State of Kerala: 2009(4) KLT 20 wherein it was held as follows in para 8:
"Whenever an adverse order is passed against a person, unless the same is challenged before the appropriate forum, within the prescribed time limit, the said order will become final and the person, affected by it, will also be bound by it. It is a well settled principle in Administrative Law that, there are no void orders in absolute sense in administrative matters. There are only voidable orders. Unless a person aggrieved takes recourse to the appropriate remedy at the appropriate time, even an illegal order will be treated as valid and binding. See the observations of Wade in Administrative Law, 6 th Edn.
"The truth of the matter is that the court will invalidate an order only if the right remedy is sought by the right person in the right proceedings and circumstances. The order may be hypothetically a nullity, but the court may refuse to quash it because of the plaintiff's lack of standing, because he does not deserve a discretionary remedy, because he has waived his rights, or for some other legal reason. In any such case the 'void' order remains effective and is, in reality, valid. It follows that an order may be void for one purpose and valid for another, and that it may be void against one person but valid against another. A
common case where an order, however void, becomes valid is where a statutory time limit expires after which its validity cannot be questioned. The statute does not say that the void
order shall be valid; but by cutting off legal remedies it produces that result:"
It is up to the petitioner to invoke the statutory remedy available against Annexure
R1(b) order and it is a matter to be adjudicated based on evidence.
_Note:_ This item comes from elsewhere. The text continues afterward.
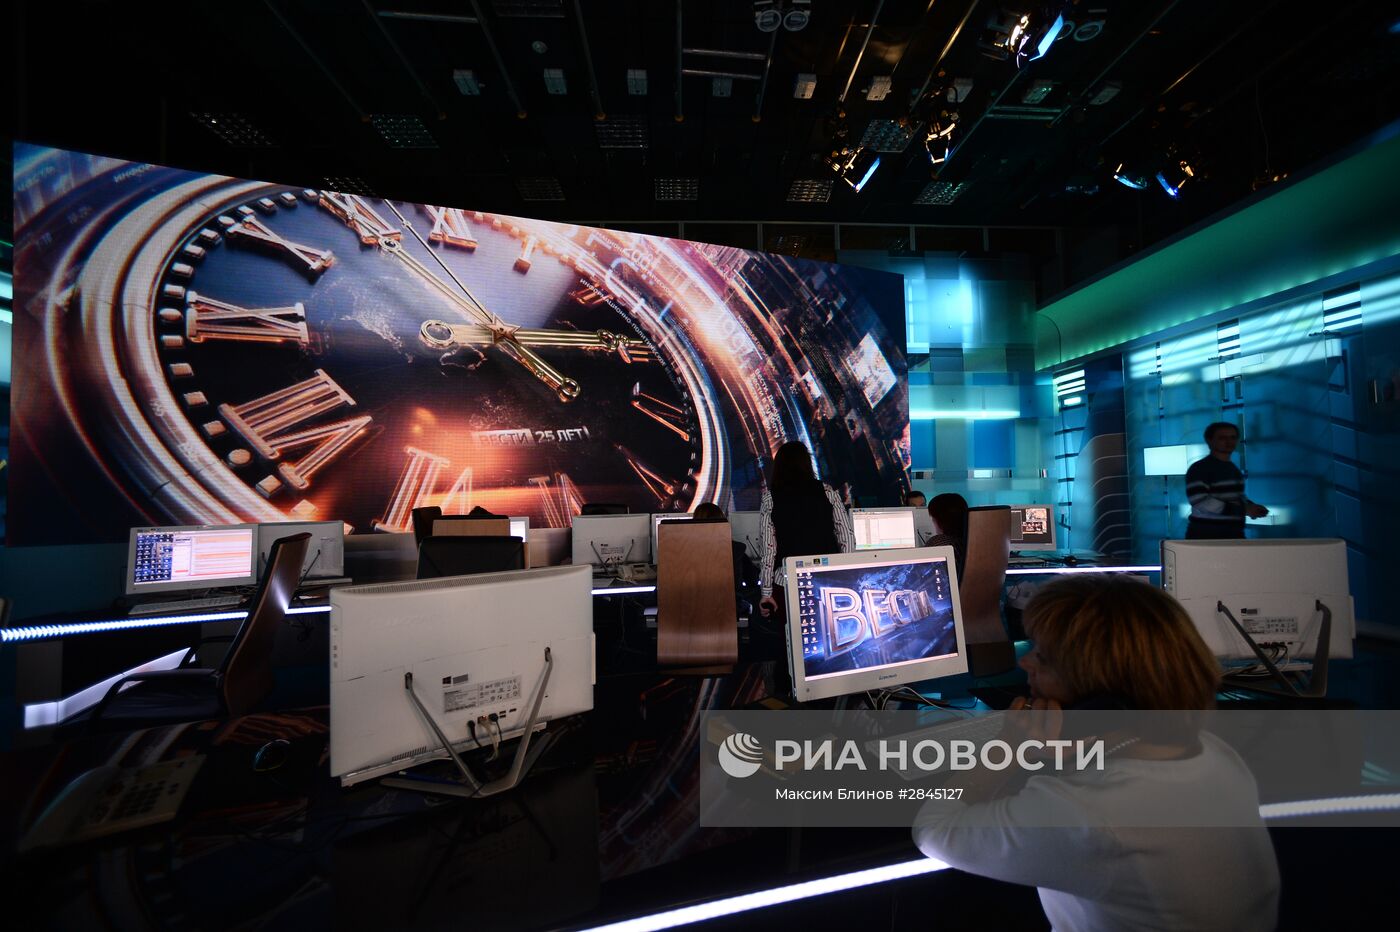 "Вести": 25 лет в эфире российского телевидения
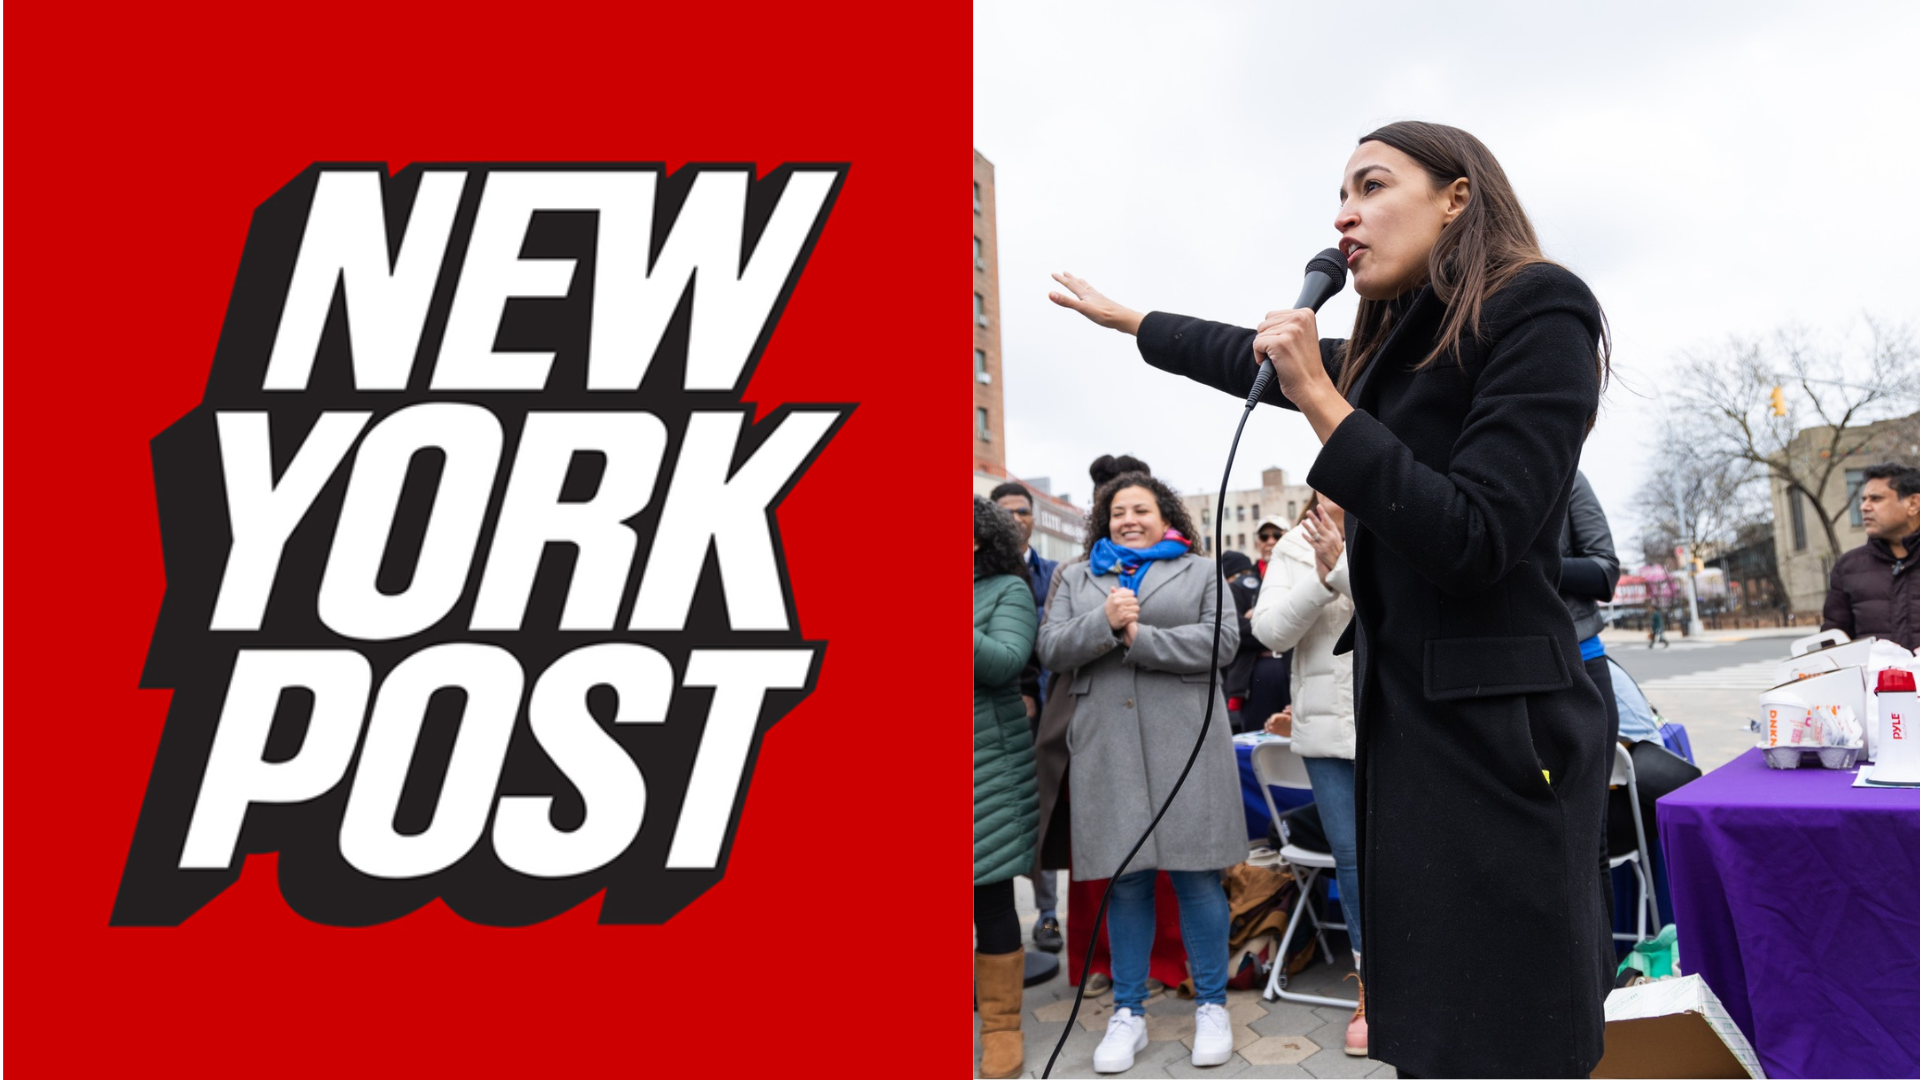 “Hackean” el New York Post y publican amenazas de muerte contra representante Alexandra Ocasio-Cortéz

Therefore, the
prayers sought in the Writ Petition cannot be granted.
The Writ Petition is accordingly dismissed.
Sd/- (P.V.ASHA, JUDGE)
rtr/
APPENDIX
PETITIONER'S EXHIBITS:
EXHIBIT P1 TRUE COPY OF THE CERTIFICATE ISSUED BY THE
UNIVERSITY OF CALICUT TO THE PETITIONER
DATED 7.10.2016.
EXHIBIT P2 TRUE COPY OF THE CERTIFICATE ISSUED BY THE
UNIVERSITY OF CALICUT TO THE PETITIONER
DATED 6.12.2017.
EXHIBIT P3 TRUE COPY OF THE OCCURRENCE REPORT IN
O.R.NO.21/2020 OF THE OMMALA FOREST
STATION.
EXHIBIT P4 TRUE COPY OF THE ORDER DATED 15.9.2020 OF
THE J.F.C.M. MANNARKKAD IN C.M.P.
NO.1769/2020.
EXHIBIT P5 TRUE COPY OF THE ORDER DATED 1.12.2020 IN
CRL.M.C.NO.4511/2020 OF THIS HON'BLE COURT.